__Work task__
Report back every line below that carries the word "Fire".

[Dataset items]
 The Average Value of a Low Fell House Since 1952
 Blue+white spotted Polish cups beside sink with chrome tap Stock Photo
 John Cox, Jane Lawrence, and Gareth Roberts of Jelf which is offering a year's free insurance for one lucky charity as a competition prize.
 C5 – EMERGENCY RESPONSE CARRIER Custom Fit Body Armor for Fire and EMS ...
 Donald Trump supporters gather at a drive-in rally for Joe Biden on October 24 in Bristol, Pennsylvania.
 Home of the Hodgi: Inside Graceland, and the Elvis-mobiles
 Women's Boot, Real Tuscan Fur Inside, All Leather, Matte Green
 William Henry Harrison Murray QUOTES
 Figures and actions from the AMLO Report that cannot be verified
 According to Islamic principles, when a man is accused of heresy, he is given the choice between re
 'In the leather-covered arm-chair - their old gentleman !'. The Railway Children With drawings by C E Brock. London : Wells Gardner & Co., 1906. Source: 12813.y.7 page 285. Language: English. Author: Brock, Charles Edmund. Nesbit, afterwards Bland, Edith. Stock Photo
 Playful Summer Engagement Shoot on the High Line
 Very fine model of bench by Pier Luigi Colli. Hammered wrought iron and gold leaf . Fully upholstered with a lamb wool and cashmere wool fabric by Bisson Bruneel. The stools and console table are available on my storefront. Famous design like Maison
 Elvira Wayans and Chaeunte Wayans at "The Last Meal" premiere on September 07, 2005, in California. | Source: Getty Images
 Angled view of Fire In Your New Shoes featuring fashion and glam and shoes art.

__Answer for the task__
 C5 – EMERGENCY RESPONSE CARRIER Custom Fit Body Armor for Fire and EMS ...
 Angled view of Fire In Your New Shoes featuring fashion and glam and shoes art.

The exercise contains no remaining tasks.